Exercise
Your task is to return the listing below word for word, without any of its images.

Provided material
☆ ☆ ☆ ☆ ☆

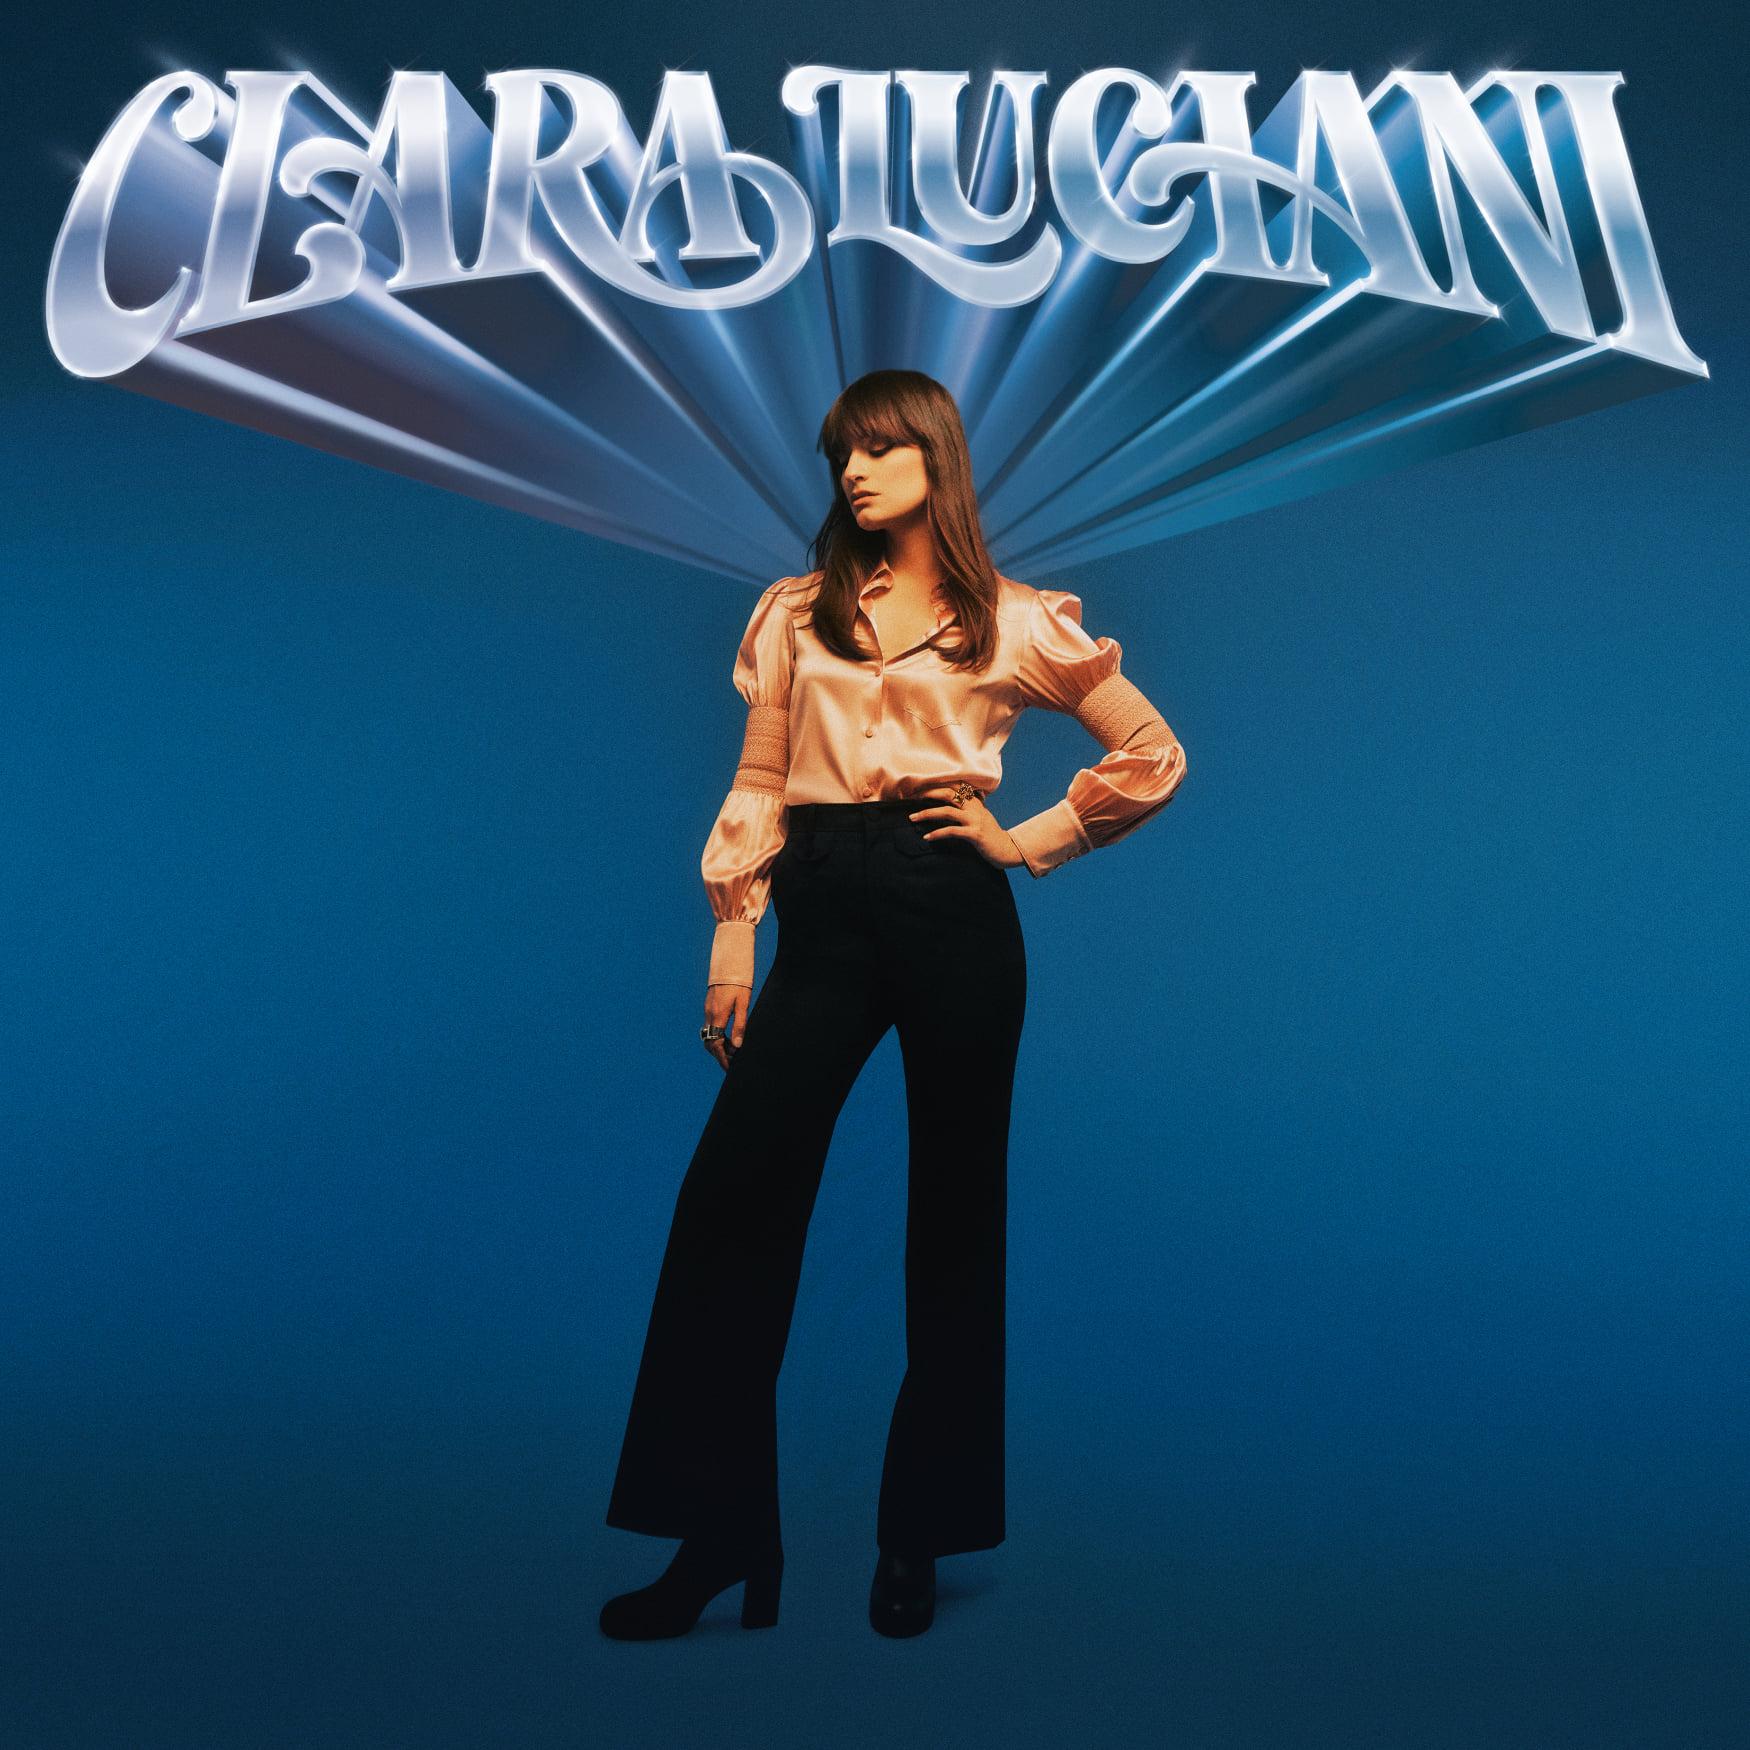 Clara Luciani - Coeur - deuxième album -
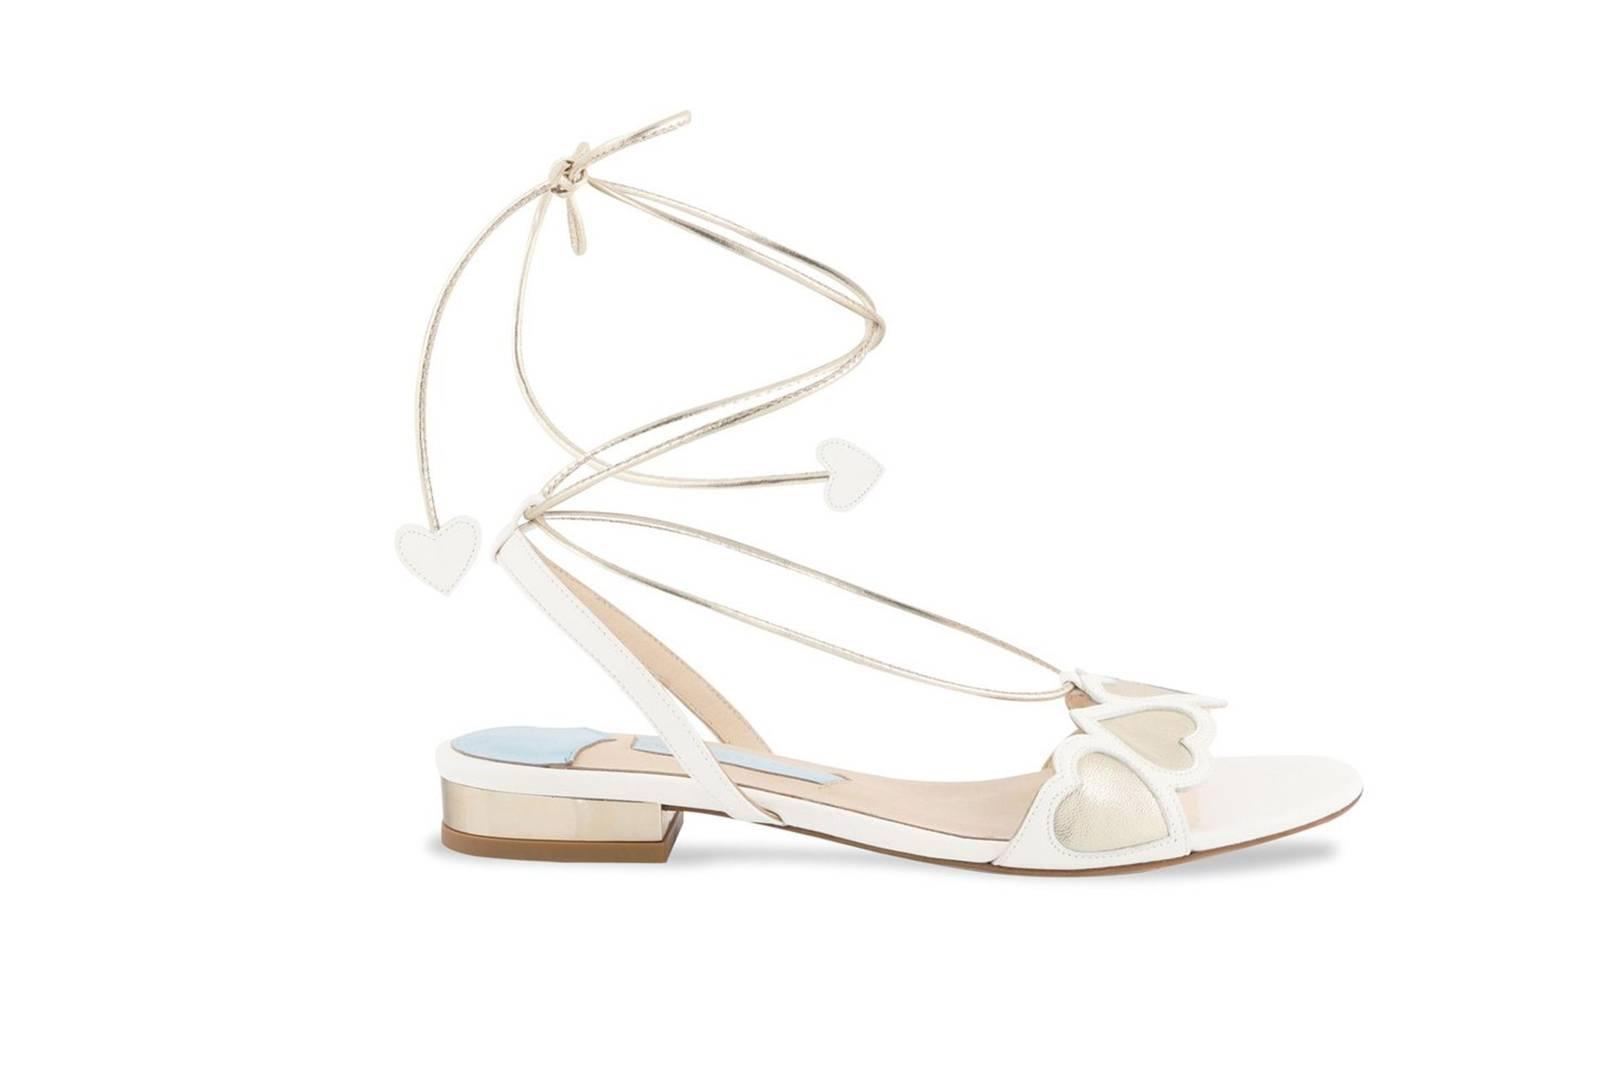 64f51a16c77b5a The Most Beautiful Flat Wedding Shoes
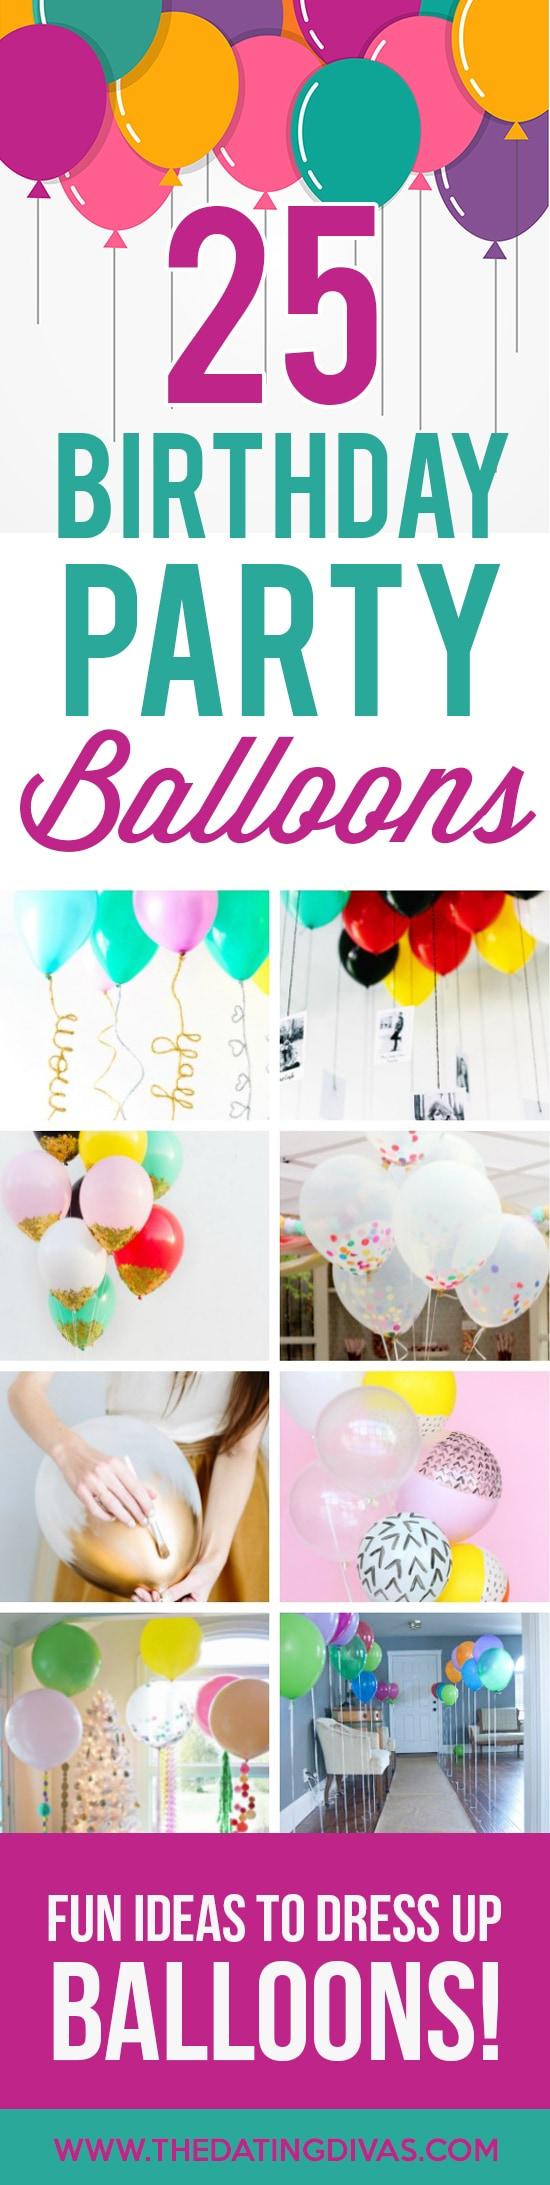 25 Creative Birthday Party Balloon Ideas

☆ ☆ ☆ ☆ ☆

Expected answer
 Clara Luciani - Coeur - deuxième album -
 64f51a16c77b5a The Most Beautiful Flat Wedding Shoes
 25 Creative Birthday Party Balloon Ideas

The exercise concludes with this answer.